PROBLEM DESCRIPTION:
Everything from the line with "Strawberrycake. Stock Photo" through the final line of the listing below must be retyped exactly, apart from the pictures.

*** RECORDED DATA ***

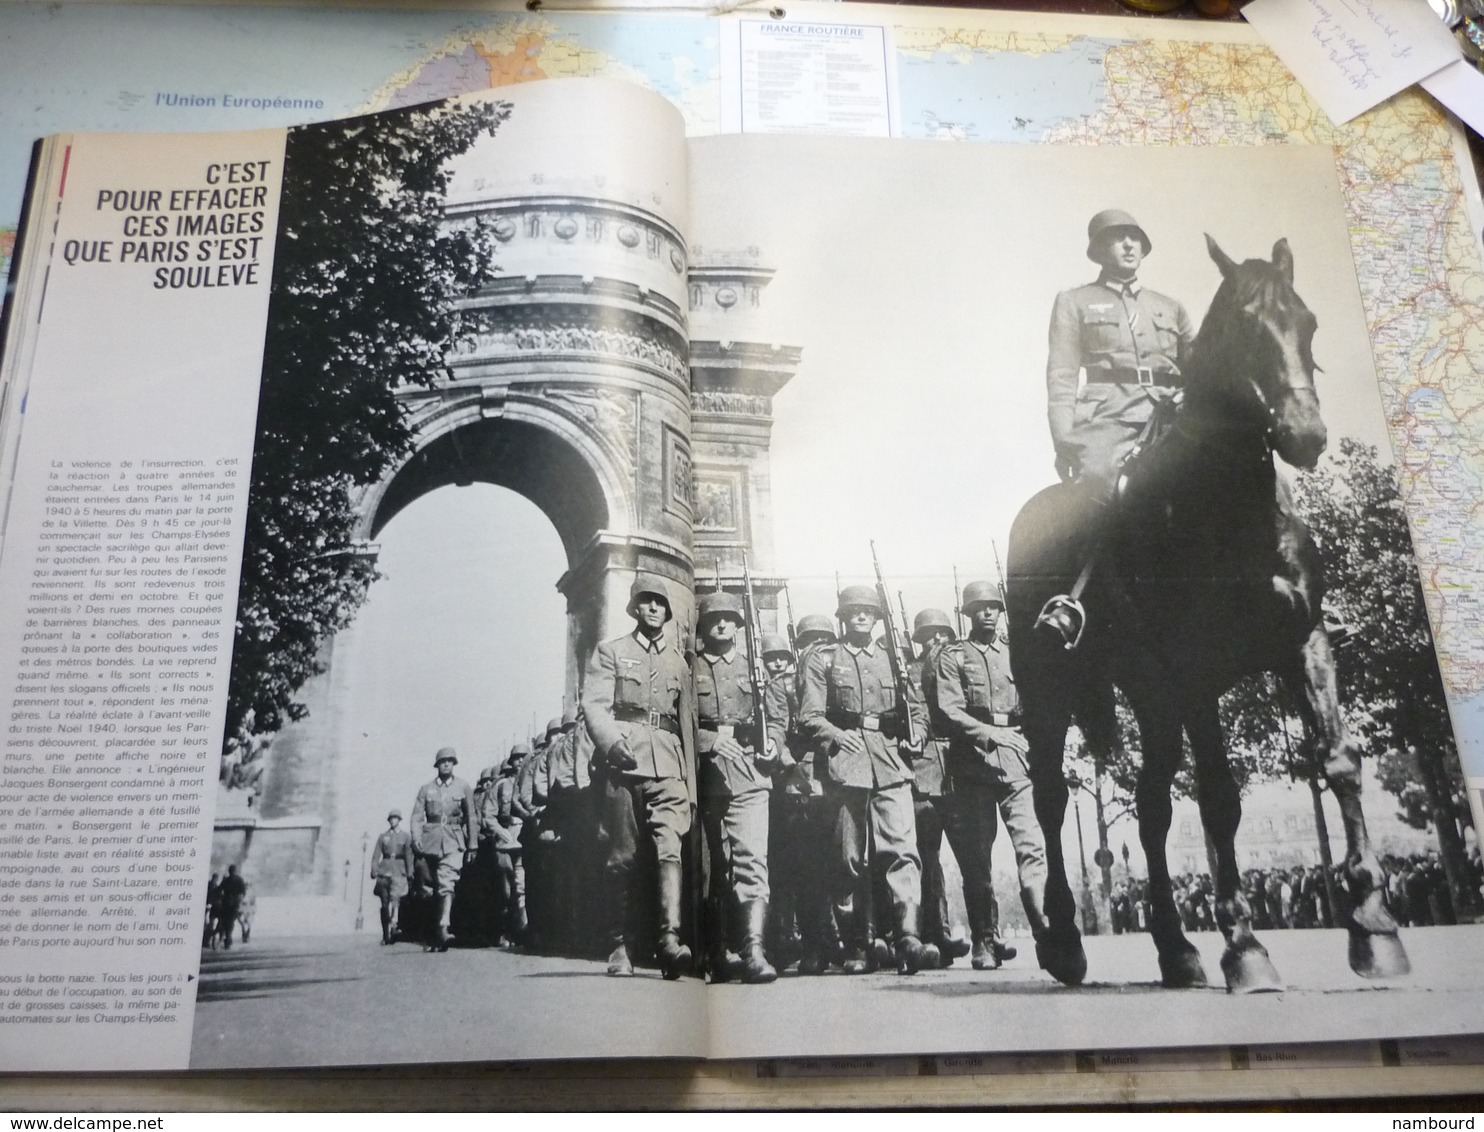 Paris Match N°793 20 Juin 1964 Numéro historique 1944 La libération de Paris
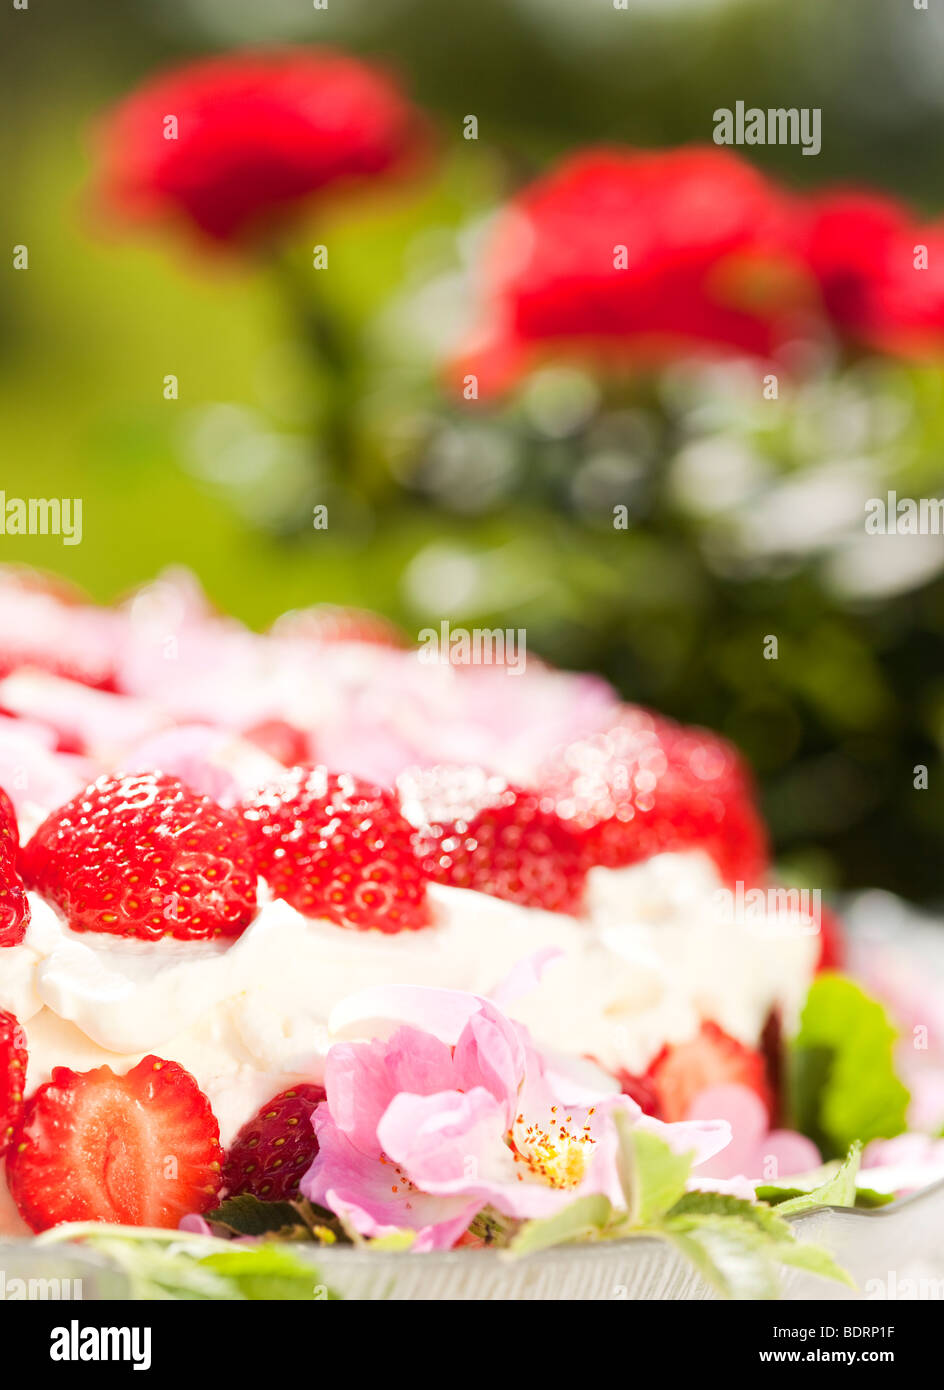 Strawberrycake. Stock Photo
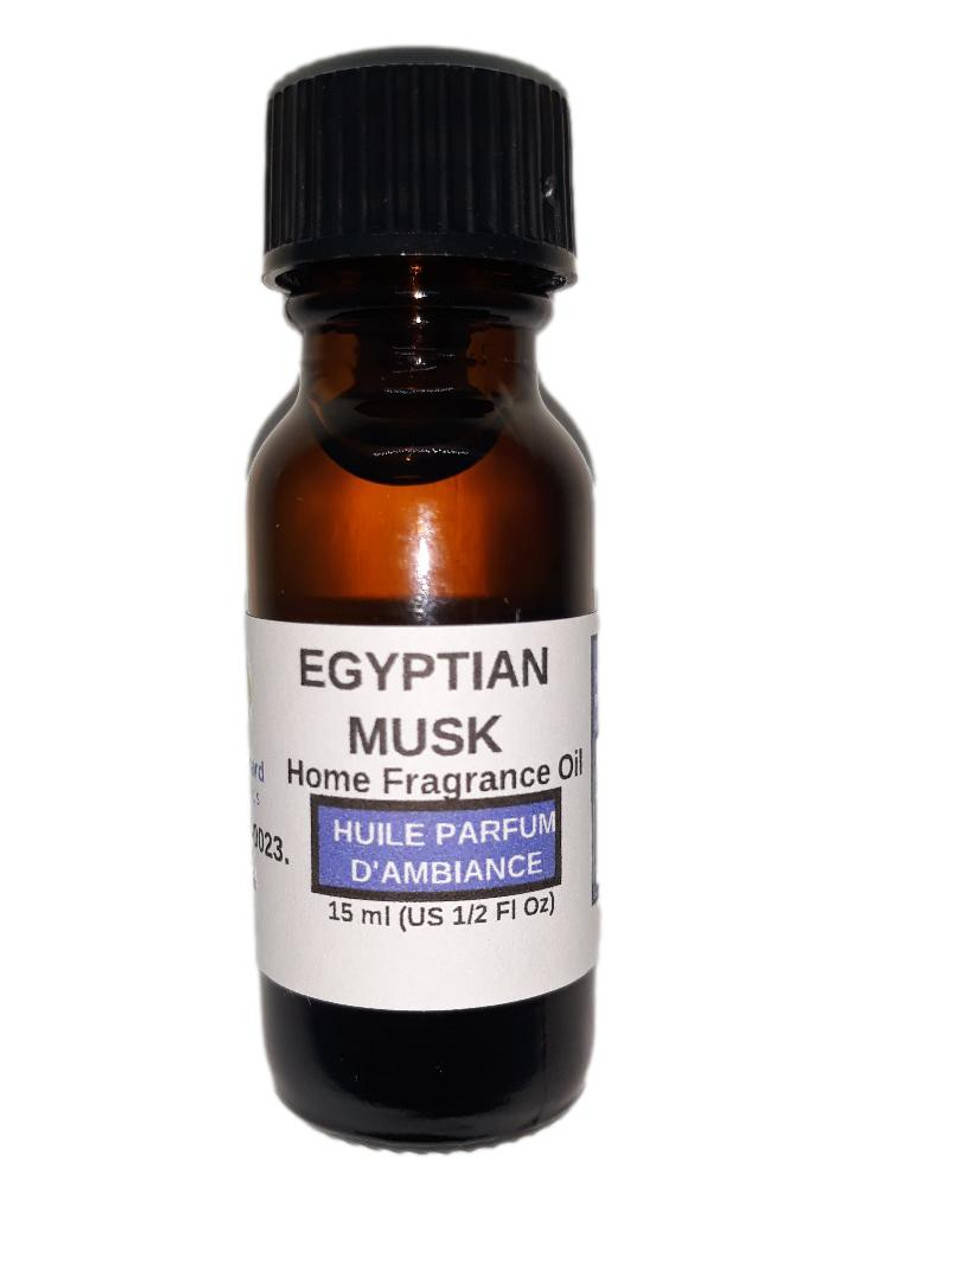 Egyptian Musk Home Fragrance Oil
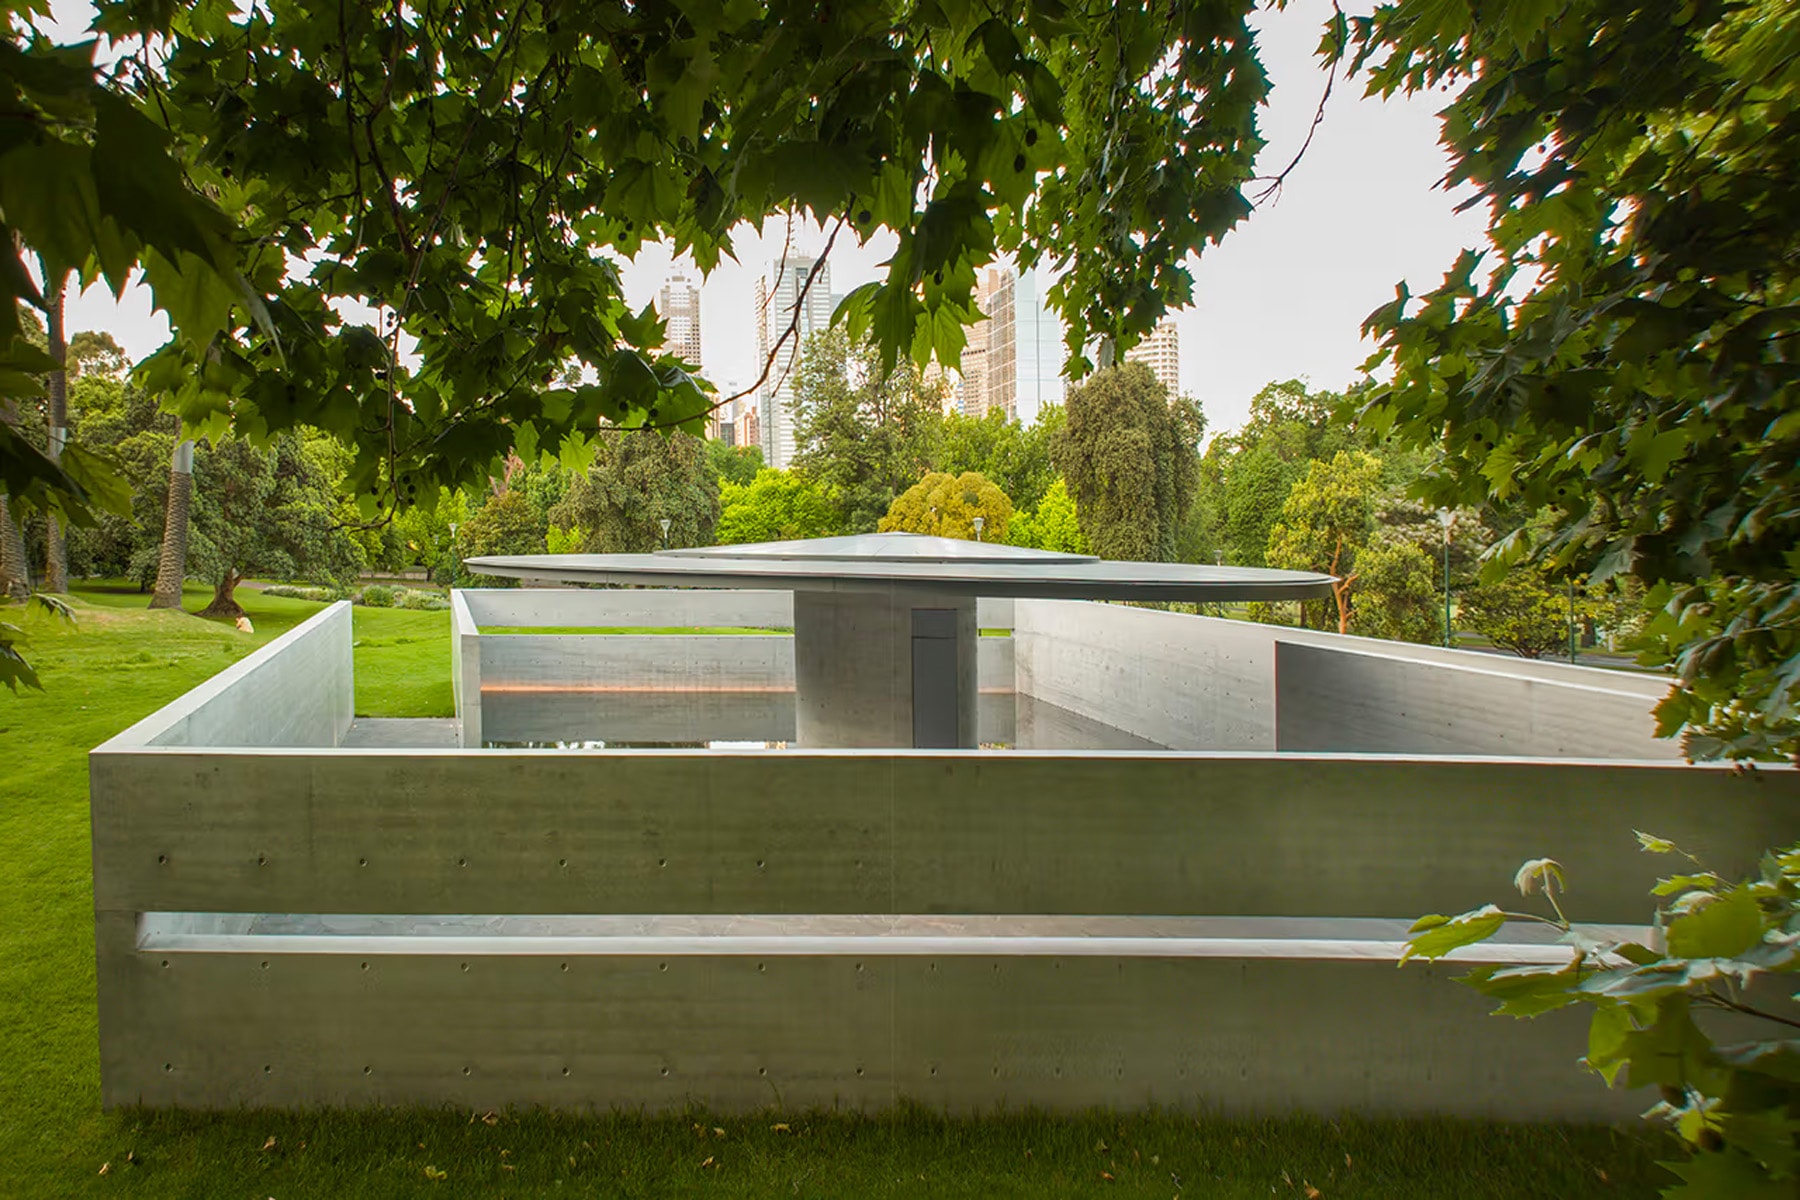 傳奇建築師安藤忠雄設計之花園涼亭正式開放參觀

*** End of RECORDED DATA ***

TASK ANSWER:
 Strawberrycake. Stock Photo
 Egyptian Musk Home Fragrance Oil
 傳奇建築師安藤忠雄設計之花園涼亭正式開放參觀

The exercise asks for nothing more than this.